Hiv and aids from the perspective of hipaa confidentiality : Write a 1,500- to 1,750-word essay in which you discuss implications of both forms of the patient's diseases, HIV and AIDS, from the perspective of HIPAA confidentiality.
Real-life international incidents from the past five : " This assignment covers the manner in which this shift occurred and the consequences the United States faces as a result of its status as "policemen of the world." Using the Internet, research two (2) real-life international incidents from the pa..
Non-normality, multicollinearity, heteroscadasticity : In a logistic regression analysis where Y=1 represents survival and Y=0 represents death, the logit of the survival probability is the negative of the logit of death probability.
Portfolio of stocks consisting : You hold a portfolio of stocks consisting of the following: Stock Beta Current Value Caterpillar 0.6 $20,000 CitiCorp 0.8 $21,000 Wendy’s 1.0 $22,000 Boeing… 1.2 $27,000 Total: $90,000 a.

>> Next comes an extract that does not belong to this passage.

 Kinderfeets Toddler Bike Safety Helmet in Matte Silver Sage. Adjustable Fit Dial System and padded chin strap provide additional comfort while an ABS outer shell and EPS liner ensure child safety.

What is the beta of the portfolio?
Accountant makes an adjusting entry for accrued expenses : When an accountant makes an adjusting entry for accrued expenses, which statement best reflects what the accounts look like before the adjustment?
How many dollars do you need to invest in the cash account : Consider a 1-period binomial model with R=1.02, S0=100, u=1/d=1.05. 1.Compute the value of a European call option on the stock with strike K=102. The stock does not pay dividends. 2.When you construct the replicating portfolio for the option in the p..
Identify the major features of the working capital cycle : Take a walk around the major business neighbourhood in your home town or city and identify the major features of the working capital cycle of a few businesses

Reviews

Write a Review

Mathematics Questions & Answers

  Graphs for three equations and find common point

Using first two equations determine 3 possible points that the 2 conic sections that you get from equations meet. Add a third equation figure to out the one point that all three conic sections meet.

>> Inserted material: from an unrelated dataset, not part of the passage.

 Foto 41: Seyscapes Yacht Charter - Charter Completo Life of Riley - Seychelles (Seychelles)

  How far south has the triathlete run

A triathlete runs 12 km on a bearing of 210 degrees from the start (North) to the finish line which is found in a South West direction.

  Rotate the coordinate axes to change the equation

Rotate the coordinate axes to change the equation 3x2 + 2√3xy + y2 - 8x + 8√3y = 0 into an equation that has no cross product (xy) term. Then identify the equation.

  Different age categories have different mean blood pressure

Is there sufficient evidence to support the claim that women in the different age categories have different mean blood pressure levels?

  Cnsider quadrilateral abcd with a -34 b 26 c 2-1 and d

question consider quadrilateral abcd with a -34 b 26 c 2-1 and d -3-3. find the area and perimeter of abcd. please

  How large must a random sample with replacement be in order

A pollster wishes to know the percentage p of people in a population who intend to vote for a particular candidate. How large must a random sample with replacement be in order to be at least 95 % sure that the sample percentage is within one perce..

  How else could the manager justify using an order size

What ordering cost would enable the manager to justify ordering every other day? (Round your intermediate calculations and final answer to 2 decimal places. Omit the "tiny_mce_markerquot; sign in your response.)

  Determine the angle of elevation

The cross section of an irrigation canal are isoscles triangles of which three sides are 8 feet long. Determine the angle of elevation.

  Customers experiencing technical difficulty with their

customers experiencing technical difficulty with their internet cable hookup may call an 800 number for technical

  At what rate is the base of the triangle changing

The altitude of a triangle is increasing at a rate of 2500 centimeters/minute while the area of the triangle is increasing at a rate of 1000 square centimeters/minute. At what rate is the base of the triangle changing when the altitude is 7500 cen..

  What is the sample variance

A sample of n=25 scores has a mean of M=65 and an estimated standard error of points. What is the sample variance?

  What are the intercepts of the equation

What are the intercepts of the equation from Part a. of this problem? What are the intercepts from Part b. of this problem? Where would the lines intersect if you solved the system by graphing?

Free Assignment Quote

Assured A++ Grade

Get guaranteed satisfaction & time on delivery in every assignment order you paid with us! We ensure premium quality solution document along with free turntin report!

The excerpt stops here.